One of the struggles I’ve had with my Onewire network is sensing the outdoor temperature. I’ve replaced the outdoor temperature sensor once already, and both sensors have eventually died outdoors. I could spend more effort potting the sensor so it stops corroding, but I’d rather spend the few dollars to buy an off the shelf solution that’s outdoor resistant. I also really want to measure outdoor humidity, and these cheap ‘weather stations’ are a perfect hardware solution to the problem.

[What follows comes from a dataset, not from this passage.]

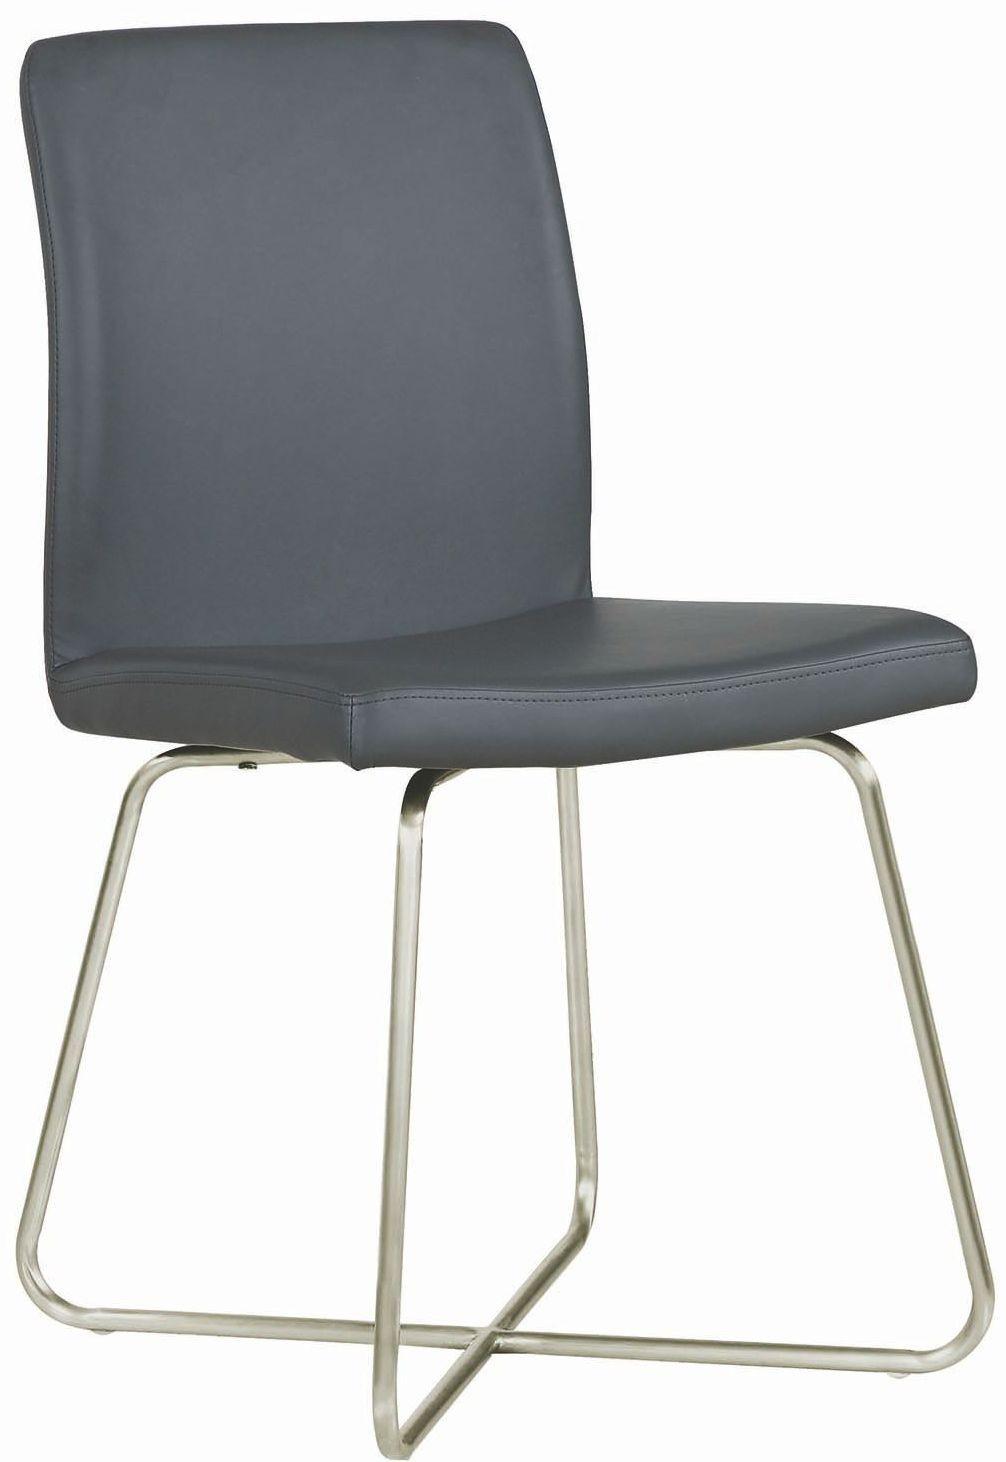 michonne acrylic legs rectangular dining room set 122151 acrylic dining chairs eclectic dining room flax design

Under the hood, these sensors are very primitive. You mount them outdoors somewhere out of direct sunlight (in my case, under the front porch), and they transmit a signal containing the temperature and relative humidity to an indoor unit, which also measures temperature and relative humidity and displays both of them for you. The whole kit costs only $33 with both units with humidity, and you can buy a replacement outdoor unit for $13. I bought the Acurite 609TXC.

But, how do you pair your replacement outdoor unit with your indoor unit? You don’t. The outdoor unit doesn’t even have a unique ID to pair with. When you put the batteries in, it generates a random number which it calls its ID, and transmits a data packet with no encryption containing that ID, the temperature, the humidity, and a simple checksum periodically until the battery dies. Presumably the indoor unit has some logic to deal with multiple outdoor units in the same area. In my case, I don’t even have an indoor unit, just the replacement outdoor unit, and a Software Defined Radio (SDR) dongle.

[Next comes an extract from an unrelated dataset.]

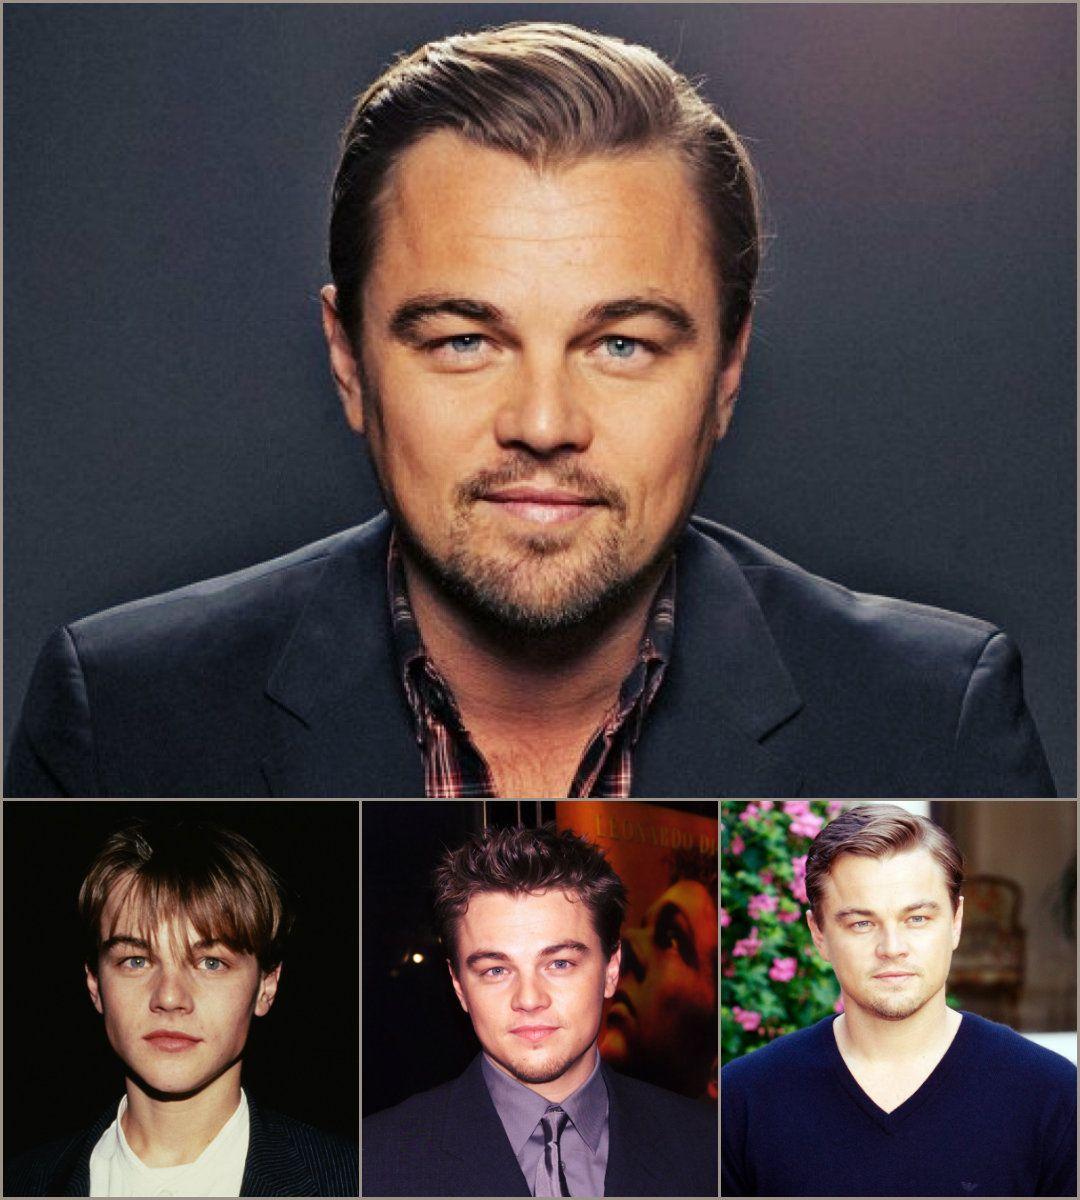 Leonardo DiCaprio Hairstyles Makeover | Hairstyles 2015, Hair ...

When I went to install the sensor, I found an old remote unit that’s been there for at least 15 years at this point, with significant battery corrosion. Hopefully this sensor lasts at least a few years.

Acurite 609TXC sensor installed under porch

Sensor Installed - I'm not the first person to install a sensor here

What is Software Defined Radio (SDR)?

Wikipedia is always a good place to start. In short, SDR implements radio frequency components traditionally implemented in hardware using software combined with a basic analog frontend. In this case, the rtl_433 program uses a dongle which tunes to a specific frequency and returns analog samples, which can be demodulated and converted into a digital signal using software. The hardware does RF downconversion and analog sampling, and that’s it. The analog samples are processed by software.

The rtl_433 project implements decoders for a lot of low cost consumer electronics (including the Acurite 609TXC which I bought), but it requires a SDR backend which implements support for SDR hardware. The normal backend is RTL-SDR (hence the name rtl_433), which is part of the Osmocom (open source mobile communications) family of projects. RTL-SDR implements a SDR receiver using the Realtek RTL2832U chip, which is commonly used inside USB TV tuners. There is now a very healthy ecosystem surrounding the RTL-SDR as it’s a very low cost entry into software defined radio, although being limited to receive only operation. I purchased a Nooelec NESDR Mini 2 which is specifically sold for use with RTL-SDR, and only cost $25 as of this writing. It even includes a little remote antenna.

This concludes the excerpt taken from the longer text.